Racial Justice Act should remain intact

To the Editor:

It is painful and, frankly, disgusting to witness North Carolina’s prosecutors and their allies in the General Assembly trying to sabotage the Racial Justice Act and the Innocence Commission. These are two of the finest achievements ever enacted by any state.

Two of the most pernicious proposals would prohibit the Commission from reviewing any evidence previously heard by a judge or jury and forbid applications from prisoners who had pleaded guilty. In other words, the Commission would be half-blinded in all cases and deaf to many.

Innocent people can be induced to confess or even plead guilty to crimes. The Innocence Project cites false confessions or admissions as factors in a fourth of the 289 cases nationwide in which DNA has exonerated prisoners. Recently, our state’s Innocence Commission relied on DNA evidence to secure the release of two Buncombe County men who had pleaded guilty for fear of the death penalty.

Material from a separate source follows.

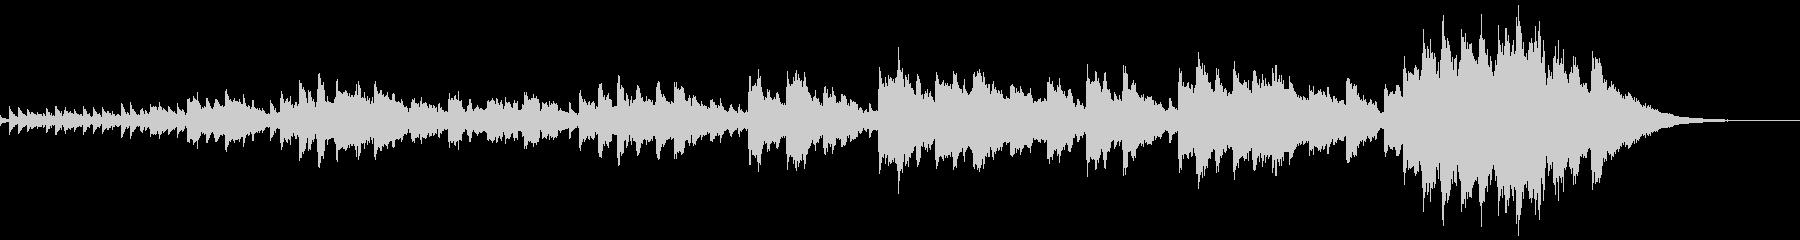 Piano_Meranchoricの未再生の波形

As a lifelong journalist in another state, I saw false confessions firsthand. At Tallahassee, a disreputable polygraph operator coerced two men into confessing to a murder, but the “confessions” were so inconsistent with other evidence that the two were interrogated again to be fed more false “facts.” Among the questions: “Did you wear gloves?” Answer: “I guess we wore gloves.” (Emphasis supplied.) That was to explain why their fingerprints had not been found at the crime scene.

The magnitude of the discrepancy became obvious later when fingerprint evidence helped to convict the real perpetrators. The innocent men were exonerated, but not before one of them had been sent to death row and the other sentenced to life.

Such miscarriages of justice occur all the time, everywhere.

No case has yet been adjudicated under the Racial Justice Act, which is not about releasing anyone but only about fairly applying the death penalty. Of more than 1,100 innocence claims, the Commission has found probable cause in only three. The prosecutors would serve justice better by waiting for the messages rather than trying to kill the messengers.